Journalist Kunnukuzhi Mani, who has been credited as the first person to try and dig out Rosy’s history, was quoted in the TBIP article: “There was a ruckus and they (the audience) destroyed the screen. A mob came to her house and began throwing stones at it. Then two policemen, whom Daniel had requested the Royal Court of Travancore to send, arrived on the scene. Eventually the mob dispersed. On the third night, after the film had opened, her house was set on fire.
However, Rosy, as well as her family, managed to escape. She reportedly ran in the direction of Karamana, and hopped on a lorry that had stopped after hearing her cries for help. The driver was one Kesava Pillai, who was enroute Nagercoil. He took her to his home, and it is said the two of them eventually married. Ironically, Pillai belonged to a Nair household, and after their marriage, Rosy did too. She changed her name to Rajammal – Ammal is used as a suffix by upper-caste women in Kerala and Tamil Nadu to denote respect.

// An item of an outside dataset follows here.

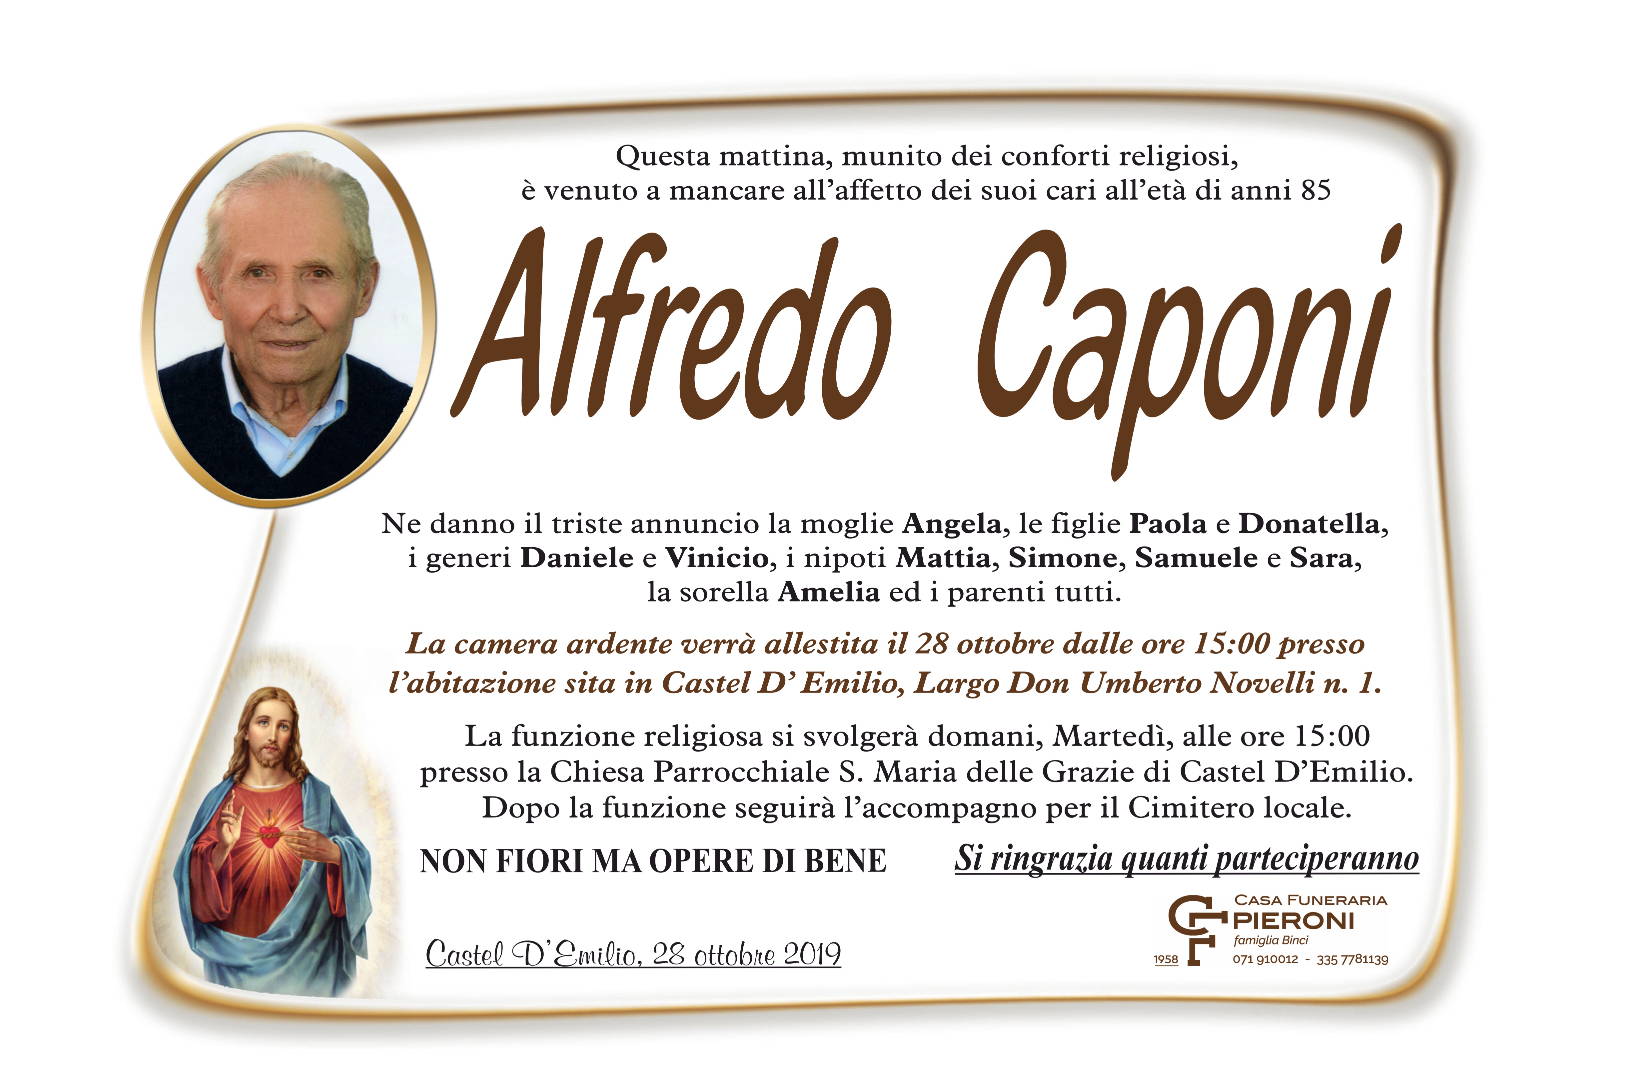 Alfredo Caponi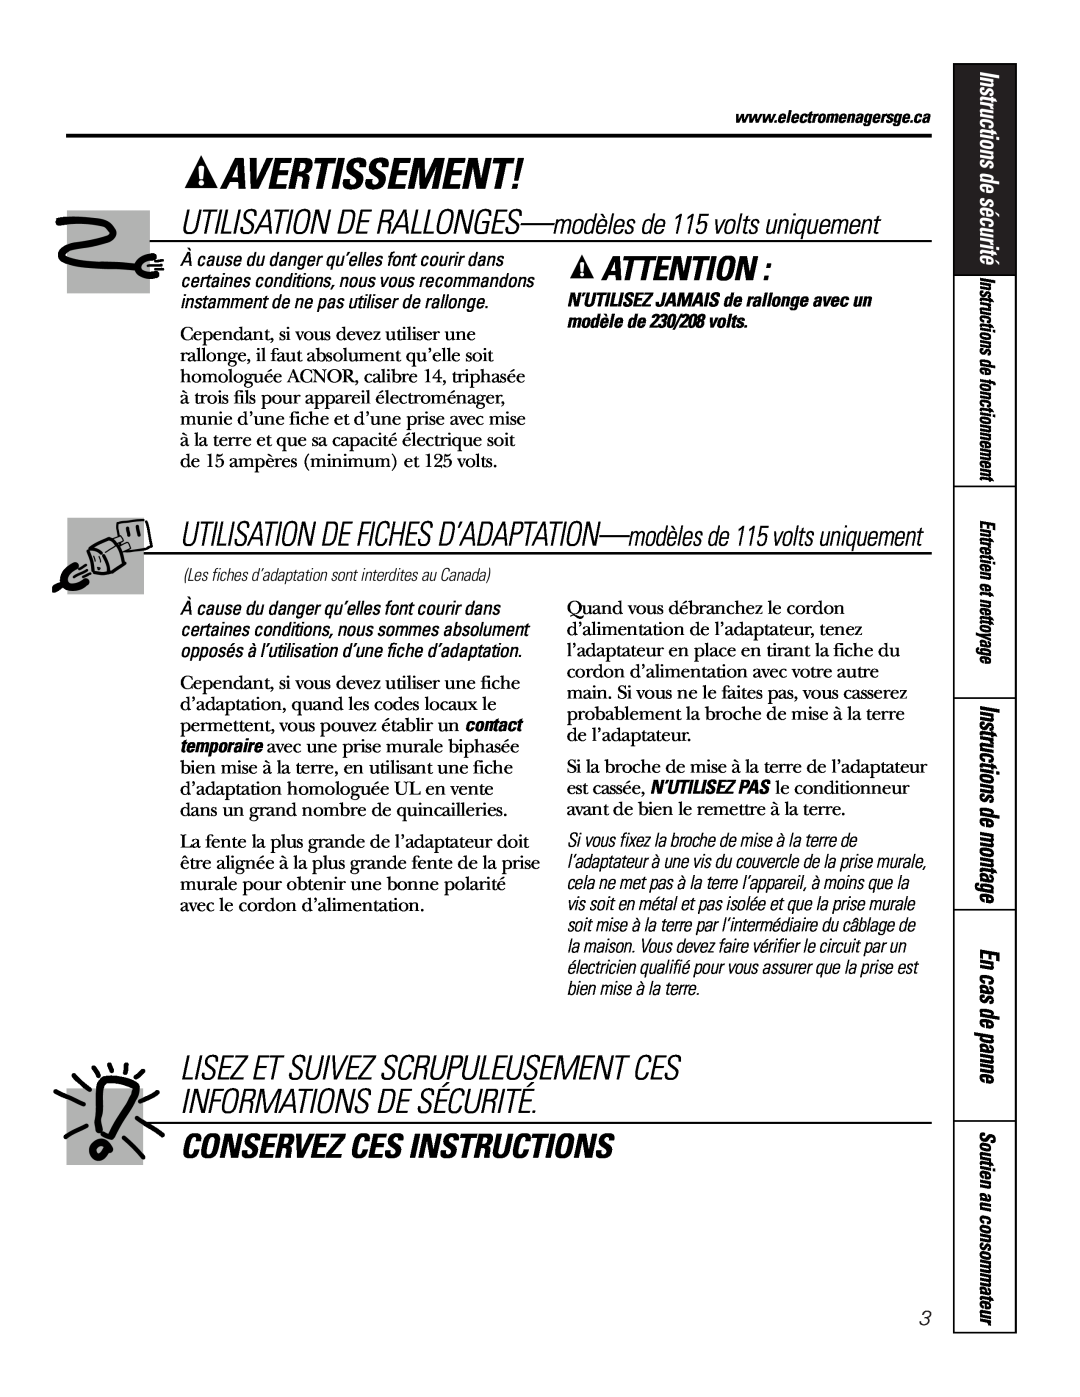 GE AJCS 06 Avertissement, Lisez Et Suivez Scrupuleusement Ces, Informations De Sécurité, Conservez Ces Instructions

According to the aforementioned article by the Big Indian Picture, years later, Kunnukuzhi reached out to Daniel, who only said he was aware Rosy had managed to escape too, but didn’t say much else. Vigathakumaran ended up being Daniel’s first and only film — he, too, was subject to so much backlash that he had to quit the industry and spent the rest of his days in poverty.
‘The lost child’
Rosy reportedly died in 1988. Most accounts of her story are retellings, because while she was still alive, no one remembered, appreciated, or cared for the great feat she had achieved as a minority woman. The News Minute states that her children, who now live as Nairs, are reluctant to acknowledge her past before she met their father. In a video released by Asianet in 2013, the team tracked down Rosy’s daughter, Padma, in Madurai. “I don’t know how she was before she got married. But afterwards, she wasn’t into [acting],” Padma says. The team also tracked down Rosy’s brother, Govindan, who says her husband was a progressive man who didn’t discriminate against her family for their caste.
Much like Chandrakumar, who was lost and eventually found in Vigathakumaran, P K Rosy was lost for mainstream discussions in cinema and history, and only “found” decades after her passing, when film historians like Kunnukuzhi and author Vinu Abraham brought her story to the limelight. In 2013, a film named Celluloid was released, but was criticised by the Dalit community for not focussing on Rosy’s own struggle.
As film critic G P Ramachandran told The News Minute, “Even if Kerala may have overcome many caste-based discriminatory practices that exist in other states, caste is still very much relevant here. There was an uproar in those times because she played a Nair women, but even after that, there haven’t been too many Dalit women actors.”
Ramachandran goes on to say that there have been actors like Kalabhavan Mani, who was Dalit, but many women actors were reluctant to act with him. Moreover, he wasn’t given too many roles of a main hero. “There have been very few films with Dalit women characters, and even when they are released, the roles are performed by others. Two films that come to mind are Neelakuyil and Kismath,” he said.
While Rosy was, no doubt, a pioneer in Malayalam cinema, the industry failed to recognise her as such till it was much too late. Today, among a host of other problems, Indian cinema lacks an inclusive space, and Dalit representation in the industry remains arguably laughable. Had P K Rosy not been forced to flee her state by the moral brigade, and had been given a chance to bring more of her talent to light, would she be satisfied with the way we treat caste in her beloved industry almost a hundred years later? Perhaps not.